|Dombrink Kurtzman, Mary Ann|
Submitted to: Journal of Agricultural and Food Chemistry
Publication Type: Peer Reviewed Journal
Publication Acceptance Date: November 7, 2000
Publication Date: N/A
Interpretive Summary: Understanding molecular mechanisms is a basic requirement for interpreting the significance of test results regarding food safety. Molds capable of producing the mycotoxins, fumonisins, are frequently found in corn worldwide. Fumonisin B1, the most commonly occurring of the fumonisins, has been studied using molecular dynamics simulations to determine the conformation that fumonisin B1 assumes in solution. Results suggested that the structure of fumonisin B1 is relatively extended in solution. The study forms a basis for future research on the structure and function of fumonisin B1, for comparison with fumonisin B1-related forms which occur naturally, and for studies on the possible transmission of fumonisin from plant to feed and food and to animals and humans.
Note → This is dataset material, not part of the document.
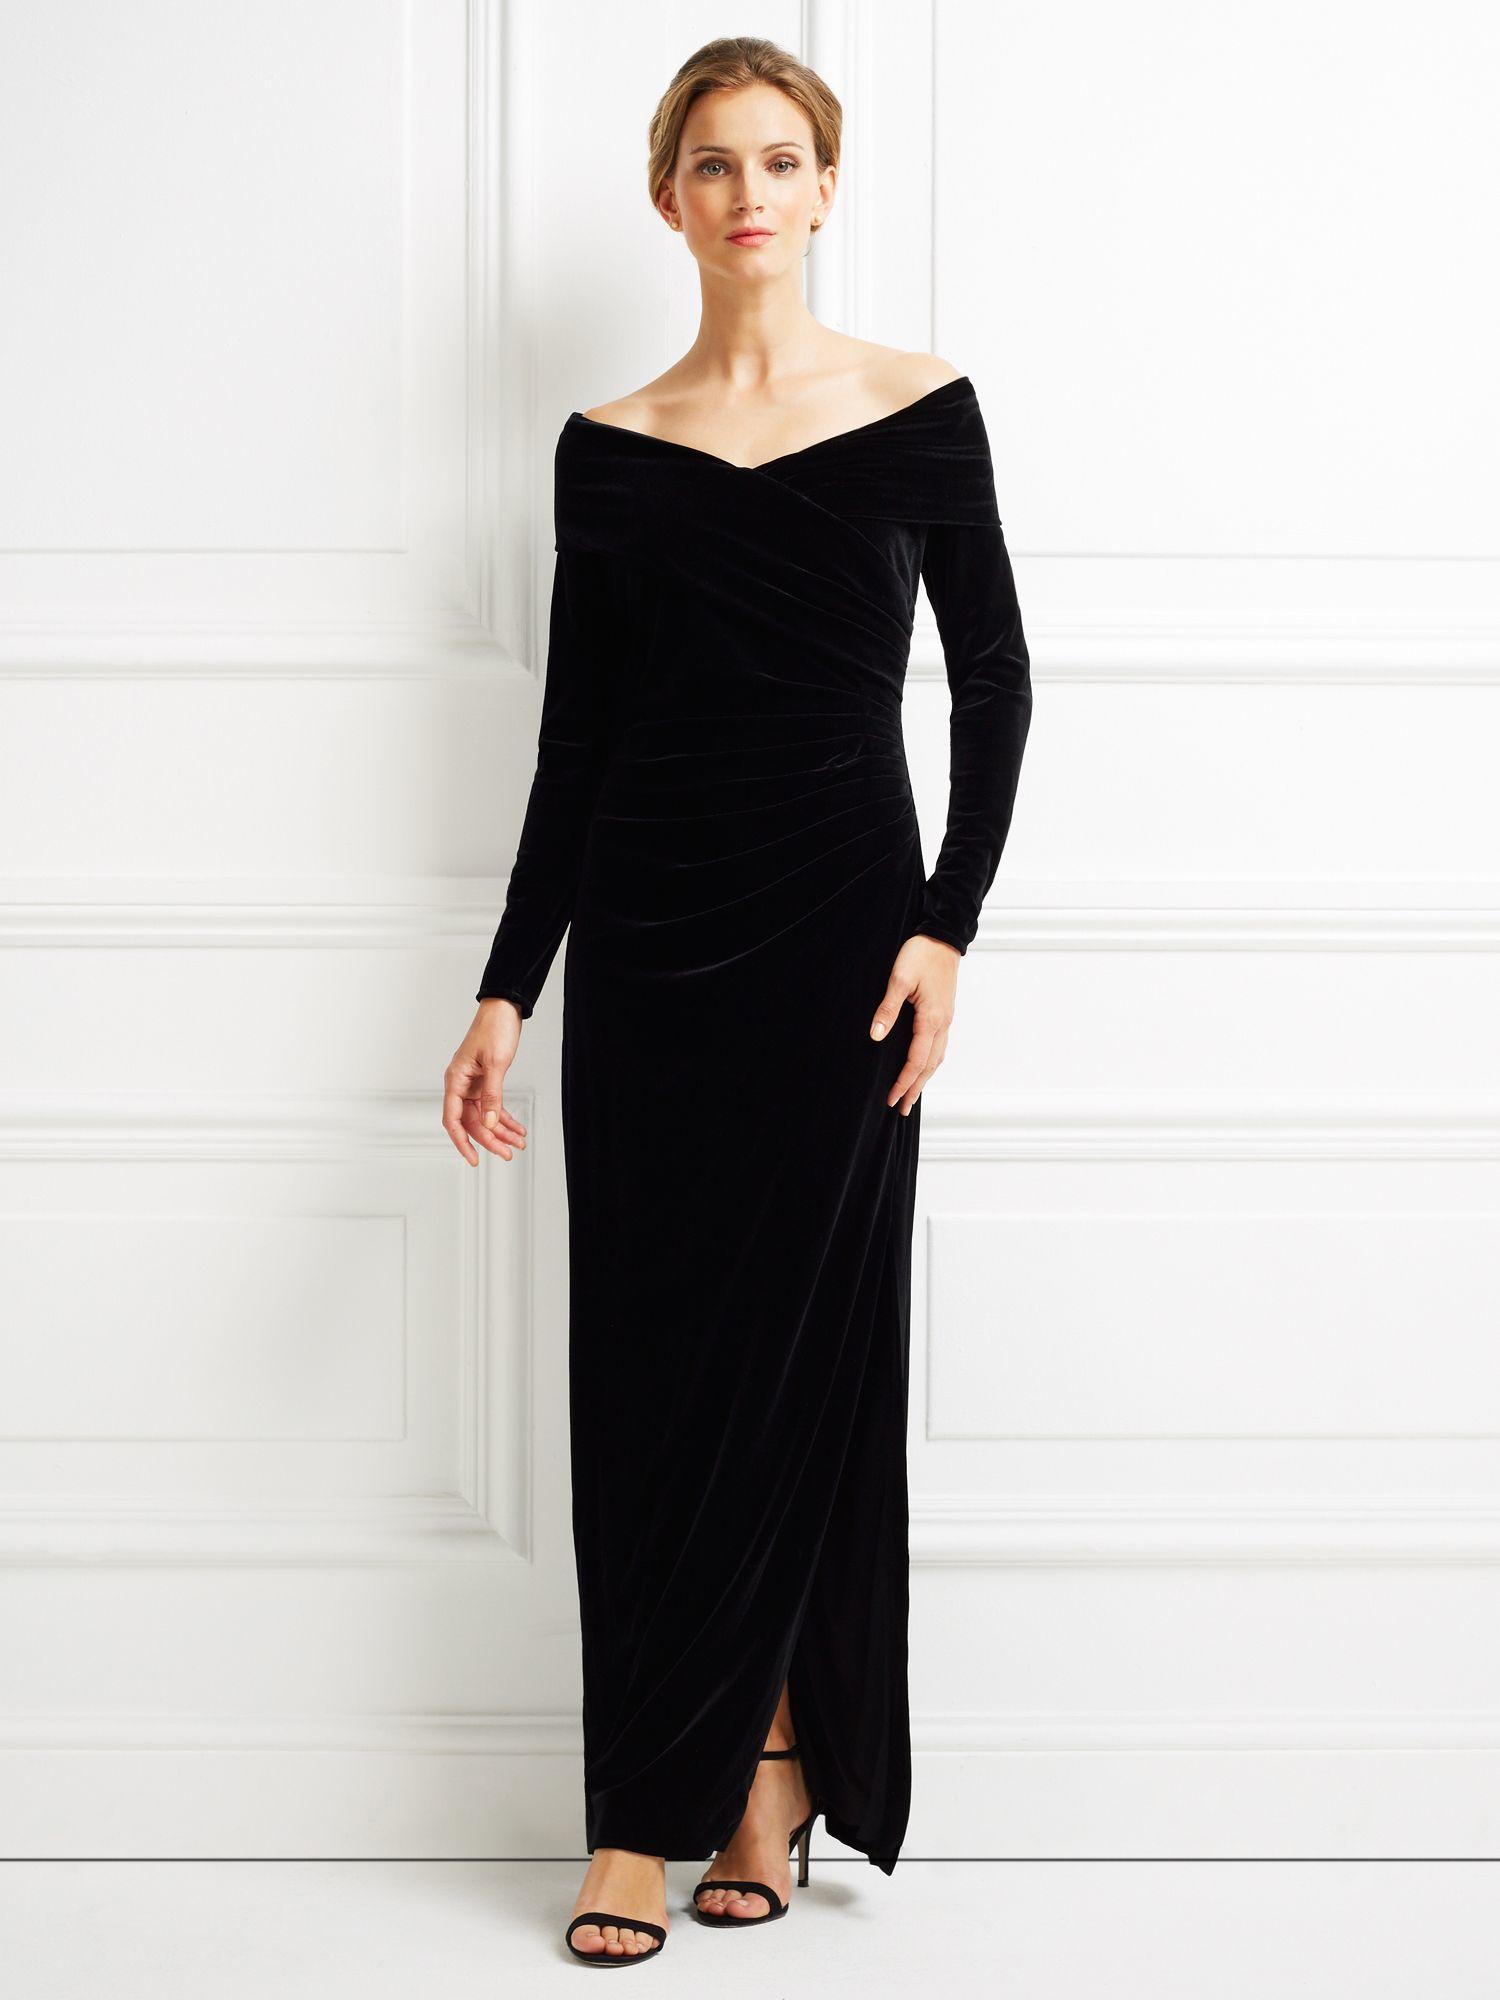 Black Velvet Long Dress Dress Ideas
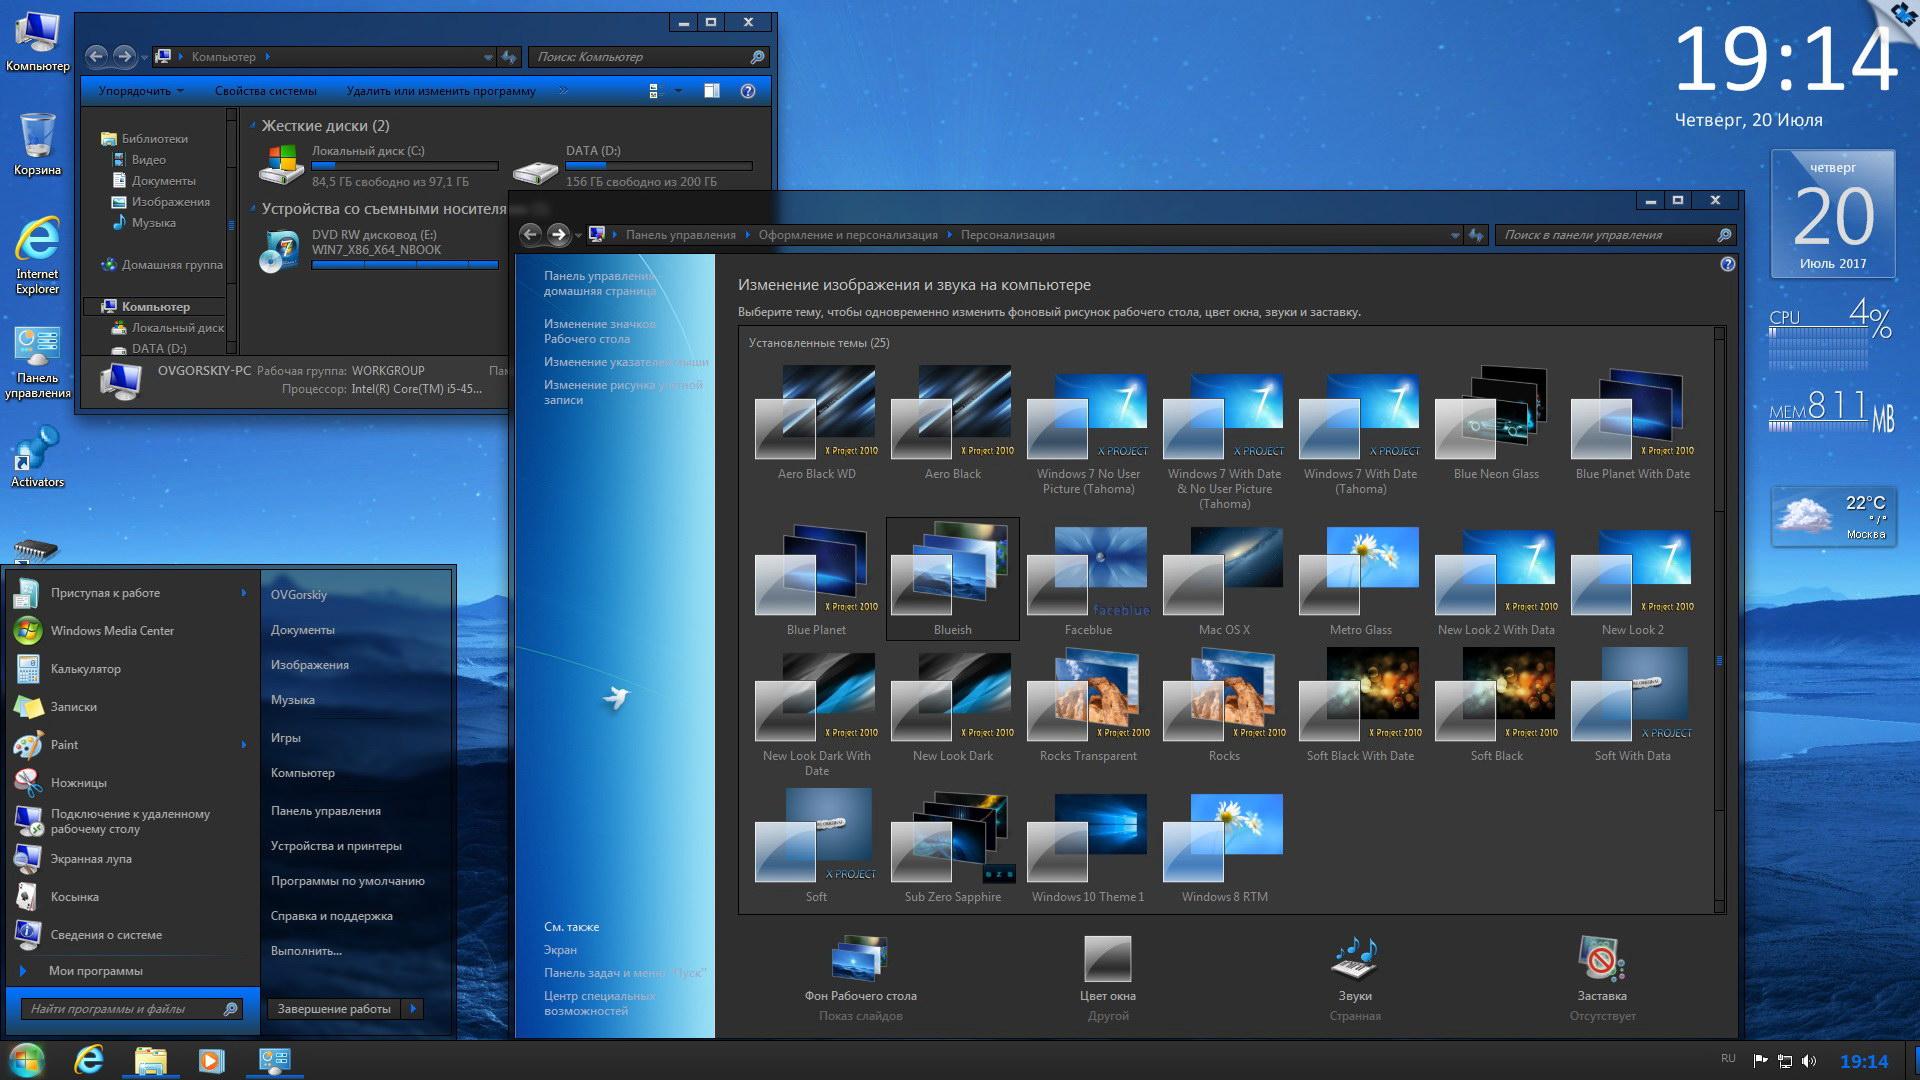 windows 7 ultimate 64 bit скачать с торрента

Technical Abstract: The solution conformational properties of the mycotoxin, fumonisin B1, have been studied using molecular dynamics methodology. Fumonisins have been shown to inhibit sphinganine (sphingosine) N-acyltransferase (ceramide synthase) and show a wide range of toxic effects in many animals. This study of the solution properties of fumonisin B1 attempts to add to the structural models necessary for the understanding of the binding and activity properties. The computational method uses a box with periodic boundaries, filled with explicit TIP3P water molecules, the substrate fumonisin B1, and selected counterions for charge neutrality. The starting structure of fumonisin B1 is added to the box by excluding water molecules. The explicit image method using 12 A cutoffs is applied to the system and molecular dynamics carried out on different starting conformations at 300 K in 100 picosecond (ps) steps. Examination of the resulting equilibrated conformations suggests that the structure is relatively extended and that previous computational studies in vacuo, showing a compact folded structure, may not be consistent with the solution structure.